Assim de repente, os portugueses que passaram uma vida a trabalhar e a poupar, que não encheram a casa de TVs/plasmas comprados a crédito, que não fizeram férias que não podiam pagar, que não compraram carros que não podiam manter, que não compraram casas que não podiam habitar, que não pediram auto-estradas "sem custos para o utilizador" que não iriam utilizar, i.é., todos os portugueses que fizeram figura de parvos porque acreditaram que ou se "gasta menos que o que se ganha ou se ganha mais do que se gasta" ou um dia não se consegue pagar o que se deve. E que, chegado esse dia, acaba a liberdade e começa a escravidão. E não é usual ouvir-se falar de escravos respeitados e bem tratados pelos seus donos. Há deles mas não são muitos, nem muito conhecidos!
E agora, esses "parvos" - os que trabalharam, viveram dentro das suas possibilidades e não pediram uma vida de facilidades feita a crédito - são chamados a pagar os desmandos dos outros, em especial dos que em seu nome e com o seu dinheiro fizeram as maiores barbaridades. E ainda têm hoje que ouvir que "a situação actual é culpa de todos,... todos temos que pagar!". Há palavras na língua portuguesa para exprimir o que vai na alma destes portugueses, destes "parvos", mas não devem ser escritas sob pena de voltar a censura a Portugal.
E o Governo, o que pode fazer!? Sim, porque é necessário dar o beneficio da dúvida a um governo que é eleito para implementar um programa que não foi por si decidido. Tudo o que fizer, mesmo bem feito vai ser provavelmente motivo de tensão, de conflito e sabe-se lá do que mais. Mas, e apesar disso, nunca como hoje foi possível fazer-se o que tem que ser feito de forma tão eficaz, mas ou se faz agora ou, provavelmente, nunca mais se fará. São tarefas, nada fáceis, que devem permitir retirar o Estado donde nunca deveria ter entrado e despedir aqueles que nada mais fazem que atrapalhar, e consumir recursos de quem trabalha e produz riqueza. Não é acabar com o Estado, mas sim devolver o Estado às suas funções nobres, e dignificar aqueles que trabalham, e bem, em prol do bem comum. Porque os há, e muitos! Mas estiveram e estão escondidos na imensa massa humana que habita o Estado, e suas derivações. Muitas vezes mal pagos e mal tratados. E o Estado tem que ser "pessoa de bem", liderado e integrado por gente séria. Portugal e os portugueses merecem-no.

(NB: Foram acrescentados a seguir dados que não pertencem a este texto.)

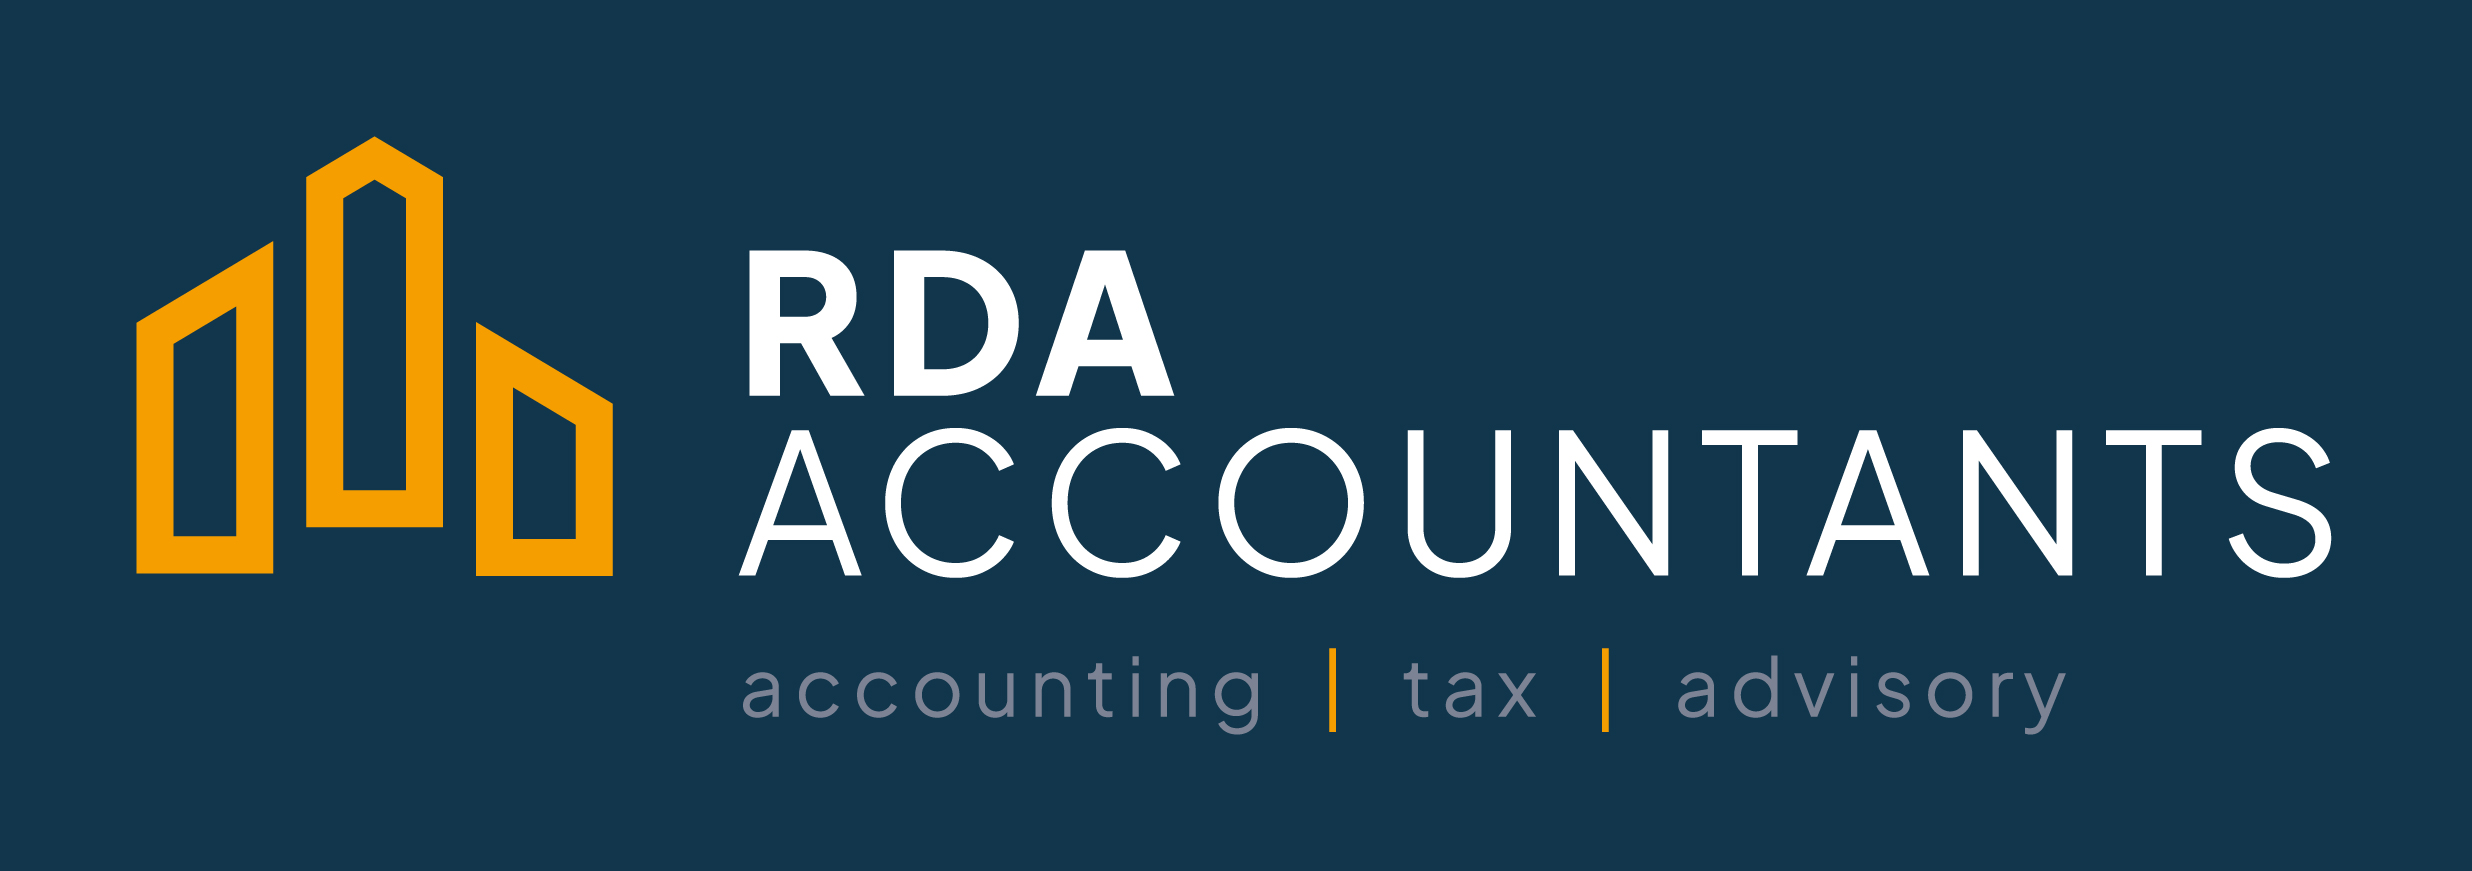 RDA Accountants Logo Tagline - Blue BG-3

Tal só se fará se for decidido e implementado muito rapidamente. E é o Governo quem tem de decidir, mas deverão ser profissionais competentes, e não dependentes, a implementá-lo. Para isso é necessário definir, muito rapidamente, o que são funções politicas, de nomeação, e funções técnicas, de escolha transparente e decidida pelo mérito. E entre estas, deve haver coragem para seleccionar uma equipa, transitória, com autoridade para implementar, de forma profissional e com respeito pelas pessoas, as difíceis medidas que se impõe, nos ministérios, nas secretarias de estado, nas direcções gerais, nos institutos e empresas publicas, etc. Só assim será possível sonhar em cumprir o programa que, tendo sido elaborado por um triunvirato, que não o histórico de Roma, constitui em si mesmo um desígnio para Portugal, o da sua sobrevivência.
Sendo certo que a crise por cá continuará, por alguns e maus anos, é também certo que só será ultrapassada por quem a vive e viverá, os portugueses. E, estes, enquanto povo, são capazes e vão ultrapassá-la, para bem do pais e para que os filhos por cá queiram continuar.
Boas férias, em especial de Portugal e de preferência em Portugal,
que o dinheirinho faz por cá muita falta!